Il ne pourra pas les reconnaître comme ses parents et rejettera tout ce qui vient d’eux. Ainsi le rejet devient comme une protection, une barrière de déni qui évite d’être en contact avec nos souffrances d’enfant insatisfait par des parents qui n’ont pas pu ou pas su être en lien avec nous et nous accueillir inconditionnellement. Des parents, qui bien souvent, n’ont pas été en lien avec leurs propres parents et sont eux-mêmes extrêmement carencés.
 
En effet, tous ces obstacles se retrouvent amplifiés par l’histoire héritée des parents, des ancêtres. Qui dans la lignée a connu la maltraitance, la folie, la dépression ? Qui dans la lignée n’a pas pu créer de liens avec ses propres parents ? Qui a perdu un père à la guerre et s’est retrouvé orphelin, sans les repères structurants de celui-ci ? Qui a perdu une mère morte en couches ou suicidée ou partie brusquement du foyer familial et n’a pas été contenu par des bras maternels ? Autant de coupures qui peuvent être constatées lors de la mise en place des lignées maternelles ou paternelles. Autant de coupures qui font que le présent de la personne n’est autre qu’une répétition de l’histoire familiale transgénérationnelle qui cherche à être reconnue et comprise.
 
Bien que nous ayons eu de bonnes raisons de ne pouvoir reconnaître nos parents, cela nous a coupés du simple fait qu’ils nous ont donné la vie et du coup, cela nous empêche de prendre notre vie en mains. Nous ne pouvons pas reconnaître que nous sommes vivants et ce, grâce à nos parents, nos ancêtres. Nous ne pouvons pas concevoir que nous avons droit au bonheur.
 
Le plus souvent, nous constatons malheureusement que ce comportement dessert la personne, car en rejetant ses parents c’est comme si elle rejetait une partie d’elle-même, une partie qui porte la Vie. Elle se prive d’une force vitale et rassurante qui pourrait lui permettre d’aller son propre destin avec liberté et joie. En faisant cela, elle peut aussi se punir pour le fait d’être déloyale envers ses parents en se limitant dans son existence, en se privant de plaisir. Dans certaines maladies graves, nous retrouvons cette dynamique : “je t’ai tant rejeté, exclu que je vais me punir en étant malade”.

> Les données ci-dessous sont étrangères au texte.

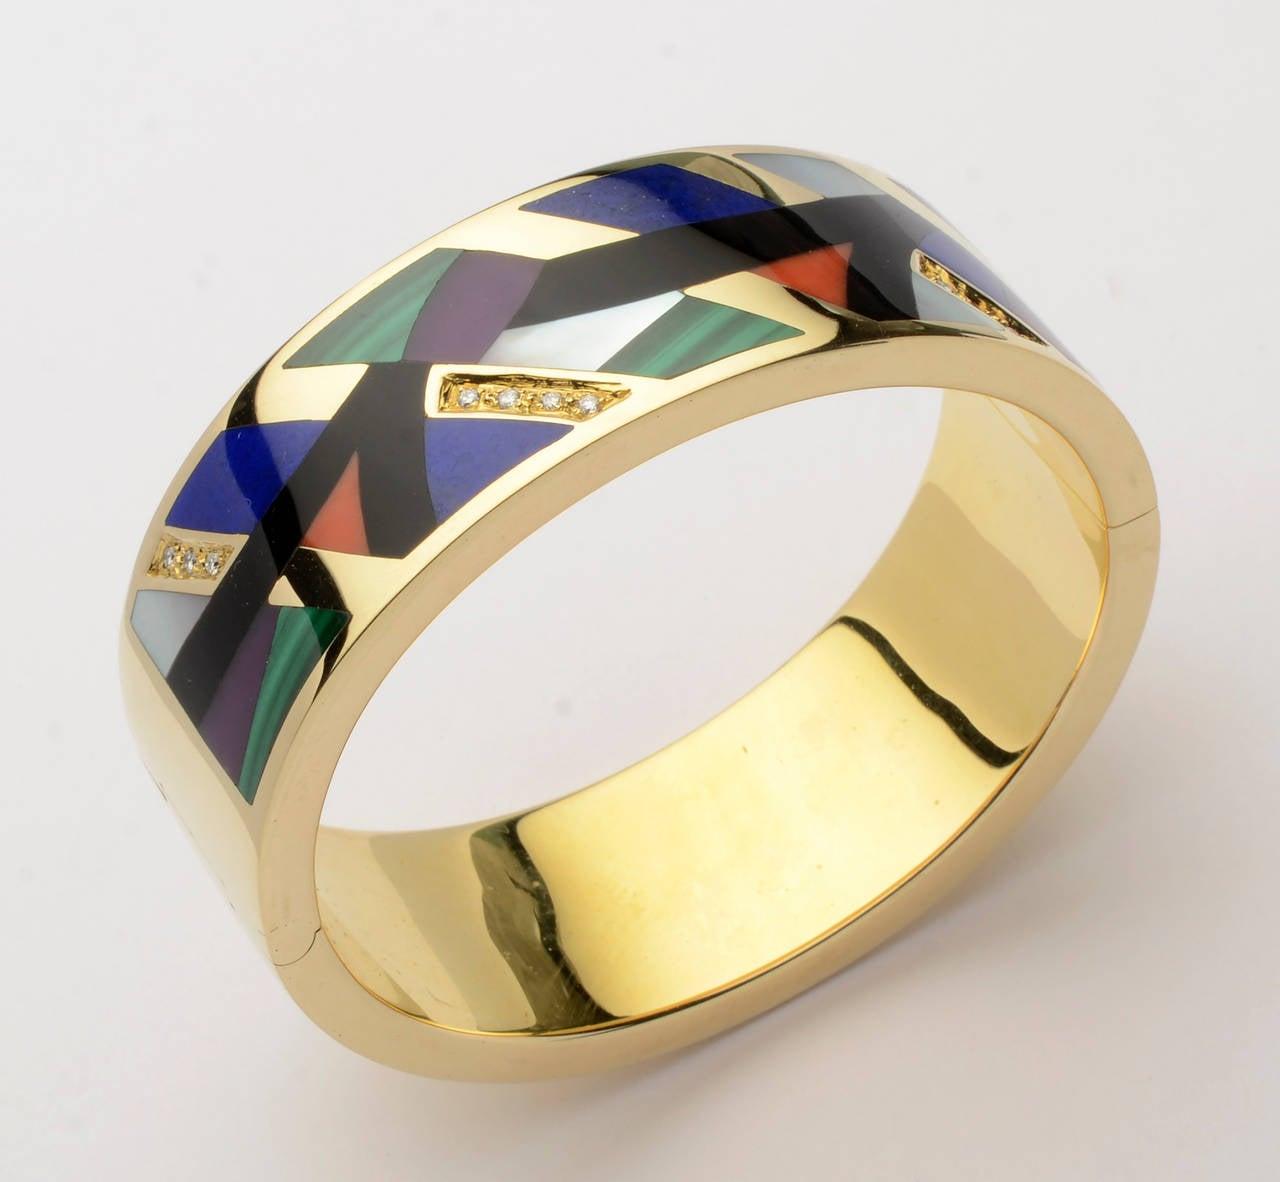 Asch Grossbardt Hinged Inlaid Gemstone Bangle Bracelet 2

Mais prendre père et mère, ce n’est pas prendre tout ce qui vient d’eux, ni prendre tout ce qui vient de nos ancêtres. C’est d’abord restituer à chacun ce qui lui appartient : à l’un sa folie, à l’autre sa maladie, sa tristesse, sa colère, ses actes néfastes. C’est dissocier ce qui est “bon de ce qui est mauvais”. C’est faire le tri de nos responsabilités et de celles de nos ascendants.

Prendre père et mère implique un double mouvement : celui de remettre à chacun ce qui lui appartient et celui de se relier au courant de Vie qui vient à travers les nombreuses générations qui nous ont précédées.
Prendre père et mère, c’est accepter ce qui est sans jugement, c’est donner du sens à ce qui est. C’est la possibilité de replacer nos ancêtres dans leur dignité et leur force. Ainsi nous pouvons nous détacher de ce qui fait mal et nous autoriser à devenir “grands”, autonomes, capables de faire croître ce don de la Vie. Et un jour, de le transmettre à notre tour. En faisant cela, nous nous permettons de devenir responsables de notre existence et nous rendons à nos ancêtres leur pouvoir.
 
Prendre père et mère c’est aussi et avant tout prendre la Vie en nous.

Brigitte Asselineau et Christiane Perreau



Selon Monique Bydlowsky, l'aptitude à devenir mère implique la reconnaissance
d'une gratitude à l'égard de celle qui a donné la Vie.
C'est ce qu'elle appele la dette de vie.